When building web applications, sometimes there’s a need to fetch data from other sources. Perhaps you’re building a custom RSS feed of news items based on your interests or you want to aggregate data from several sites. In any case, it’s not always possible to do this elegantly; you may not have direct access to the raw data and an existing API may not exist. For these situations there’s one general (albeit fragile) solution: manually parse the end result when a page is loaded in a browser.
There are many different ways to build a web scraper. A server-side language such as PHP will have a much easier time as there are less limitations and existing libraries (such as cURL) to accomplish the task. I’ll be using JavaScript (with the jQuery library), however, as I want a standalone client independent of server technology.
Let’s start with a random snippet of code:
1 2 3 4 5 6 7 8 9 10 11 12 | function fetchPage(url) { $.ajax({ type: "GET", url: url, error: function(request, status) { alert('Error fetching ' + url); }, success: function(data) { parse(data.responseText); } }); } |
The above function attempts to make an AJAX call to a specified web page, fetch the HTML of said page and pass it to a parsing function. Simple enough, right?
Unfortunately there’s a little problem with this. Client-side programming languages have to deal with something called the same origin policy which basically restricts scripts from accessing external domains. From a security standpoint this is obviously a good thing; however it can be a headache for web app. developers (indeed, there are ideas such as the origin HTTP header to solve this). (The following bit can be ignored if the scraper is on the same domain as the data source – but in such a case why is said scraper even necessary?)
In this case, there are a couple of solutions (that I can think of). Both of them take advantage of the fact that JavaScript can read JSON even if it is located on a different domain.

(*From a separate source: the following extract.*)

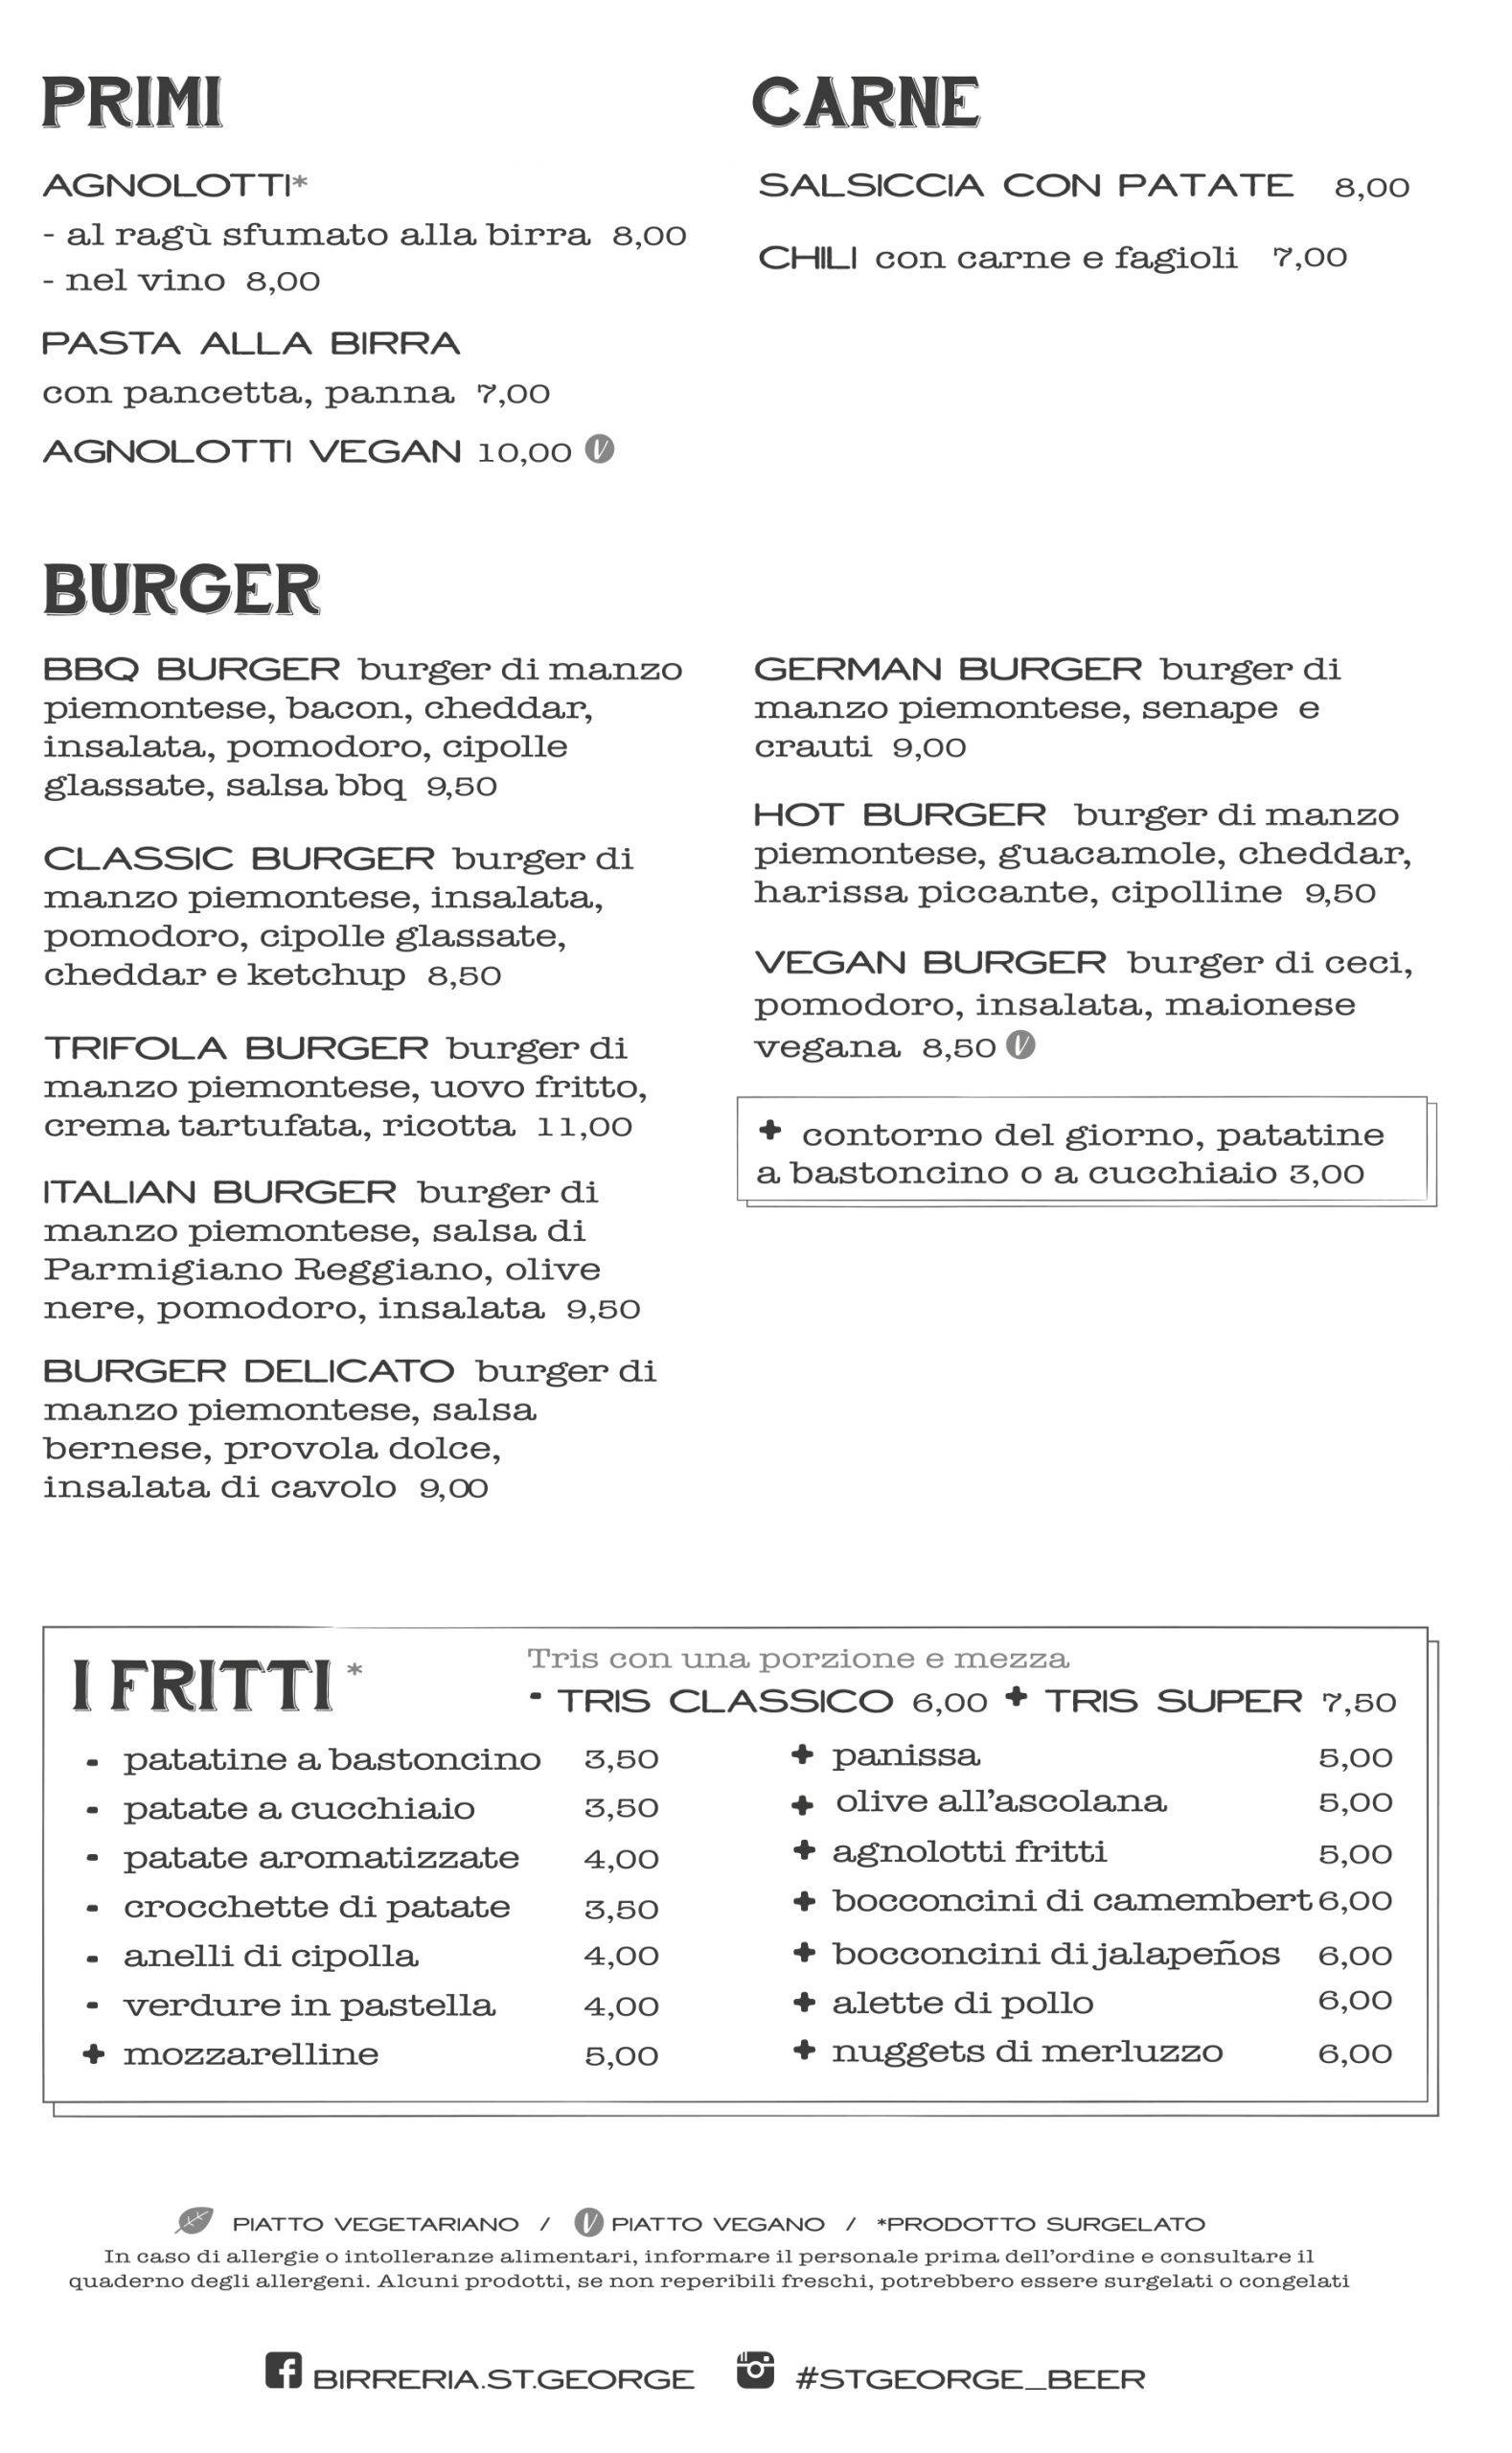 menu birreria novi ligure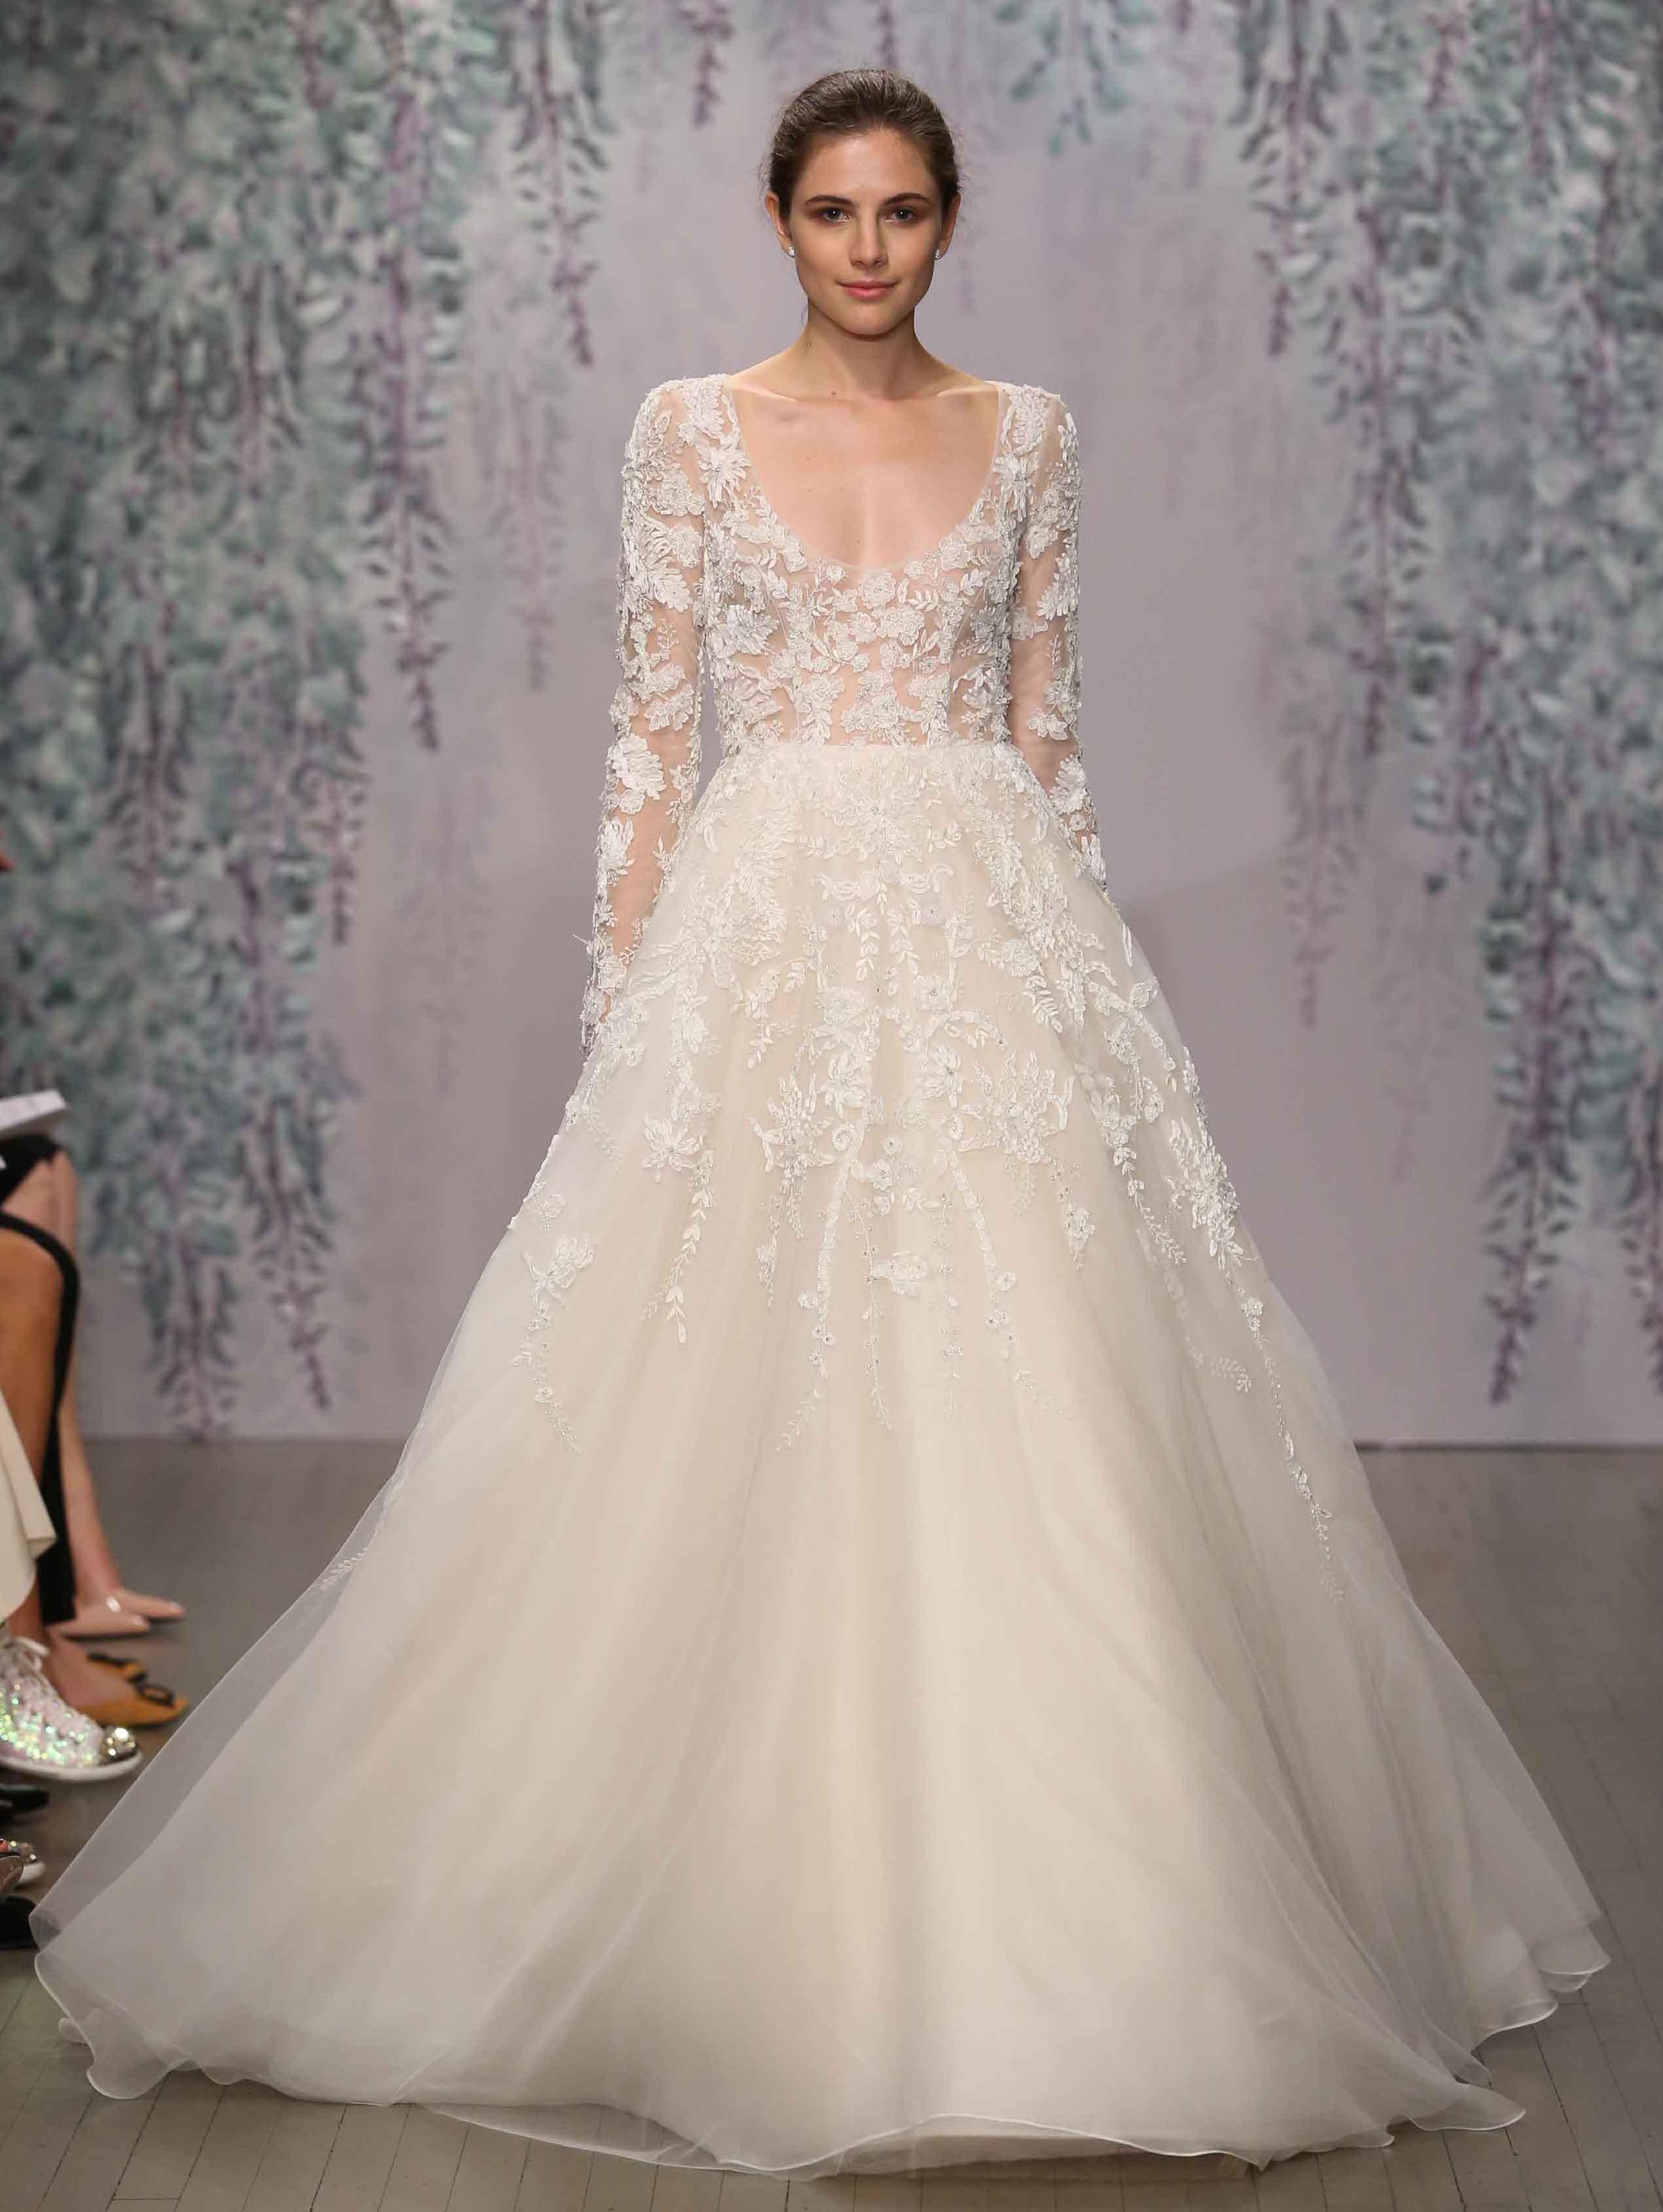 Get the look of Corinne Foxx's Golden Globes 2016 dress

- The first one is writing a complementary server-side script that takes a few arguments (such as the target URL), makes the call, parses the result into JSON format and passes it back to the calling function. It’s a simple idea, but I never really liked it because it introduced a major dependency (which, in my case, can be a pain to deal with). However, it’s definitely a viable solution which works extremely well.
- The second is using an existing system such as Yahoo’s YQL to fetch the required data and return it in a structured form. This is the method that I’ll be using.
YQL is an interesting little beast. From their site:
The Yahoo! Query Language is an expressive SQL-like language that lets you query, filter, and join data across Web services. With YQL, apps run faster with fewer lines of code and a smaller network footprint.
I haven’t had too much time to look into it so I do what all programmers do: Google the living crap out of a problem to find a solution.
In this case, Chris Heilmann has a great post on how to load external content via. various methods including YQL. To simplify things, James Padolsey wrote a plugin that detects an external AJAX call and passes it to YQL automatically.
Anyway, that solves the problem of fetching data from an external source. All that’s left is extracting the relevant pieces for whatever application is being built. Consider the following example:
1 2 3 | function parse(data) { alert($(data).find("h1").text()); } |
The parse() function takes the responseText data from the earlier fetchPage() function and then proceeds to pick at it slowly and painfully. What’s really cool about it is that pretty much all of jQuery’s selectors can be used to select relevant data. In the above case, I’m trying to extract text inside the first <h1> tag found on a page and outputting it as an alert to the browser. Obviously there are more complex uses for this but they are outside the scope of this post.
And…that’s it!
Those two code blocks combined pretty much handles all of the grunt-work in extracting data from external sources. Again, this is a rather fragile solution – it can break if the target page’s HTML changes (one possible solution is to pick unique identifiers or classes). In addition, some sites may have restrictions on their data – but I’m sure everyone reads those long-winded documents.
Tags: JavaScript, jQuery, Web Scraping, YQL
I’ve been scraping the web recently using jQuery and javascript. It is a little clunky with the client side limitations but can be a really fast way to get the data out. I usually get past the same origin policy by using the Chrome javascript console while I am on the site in question’s page. I then usually just use their version of jQuery too!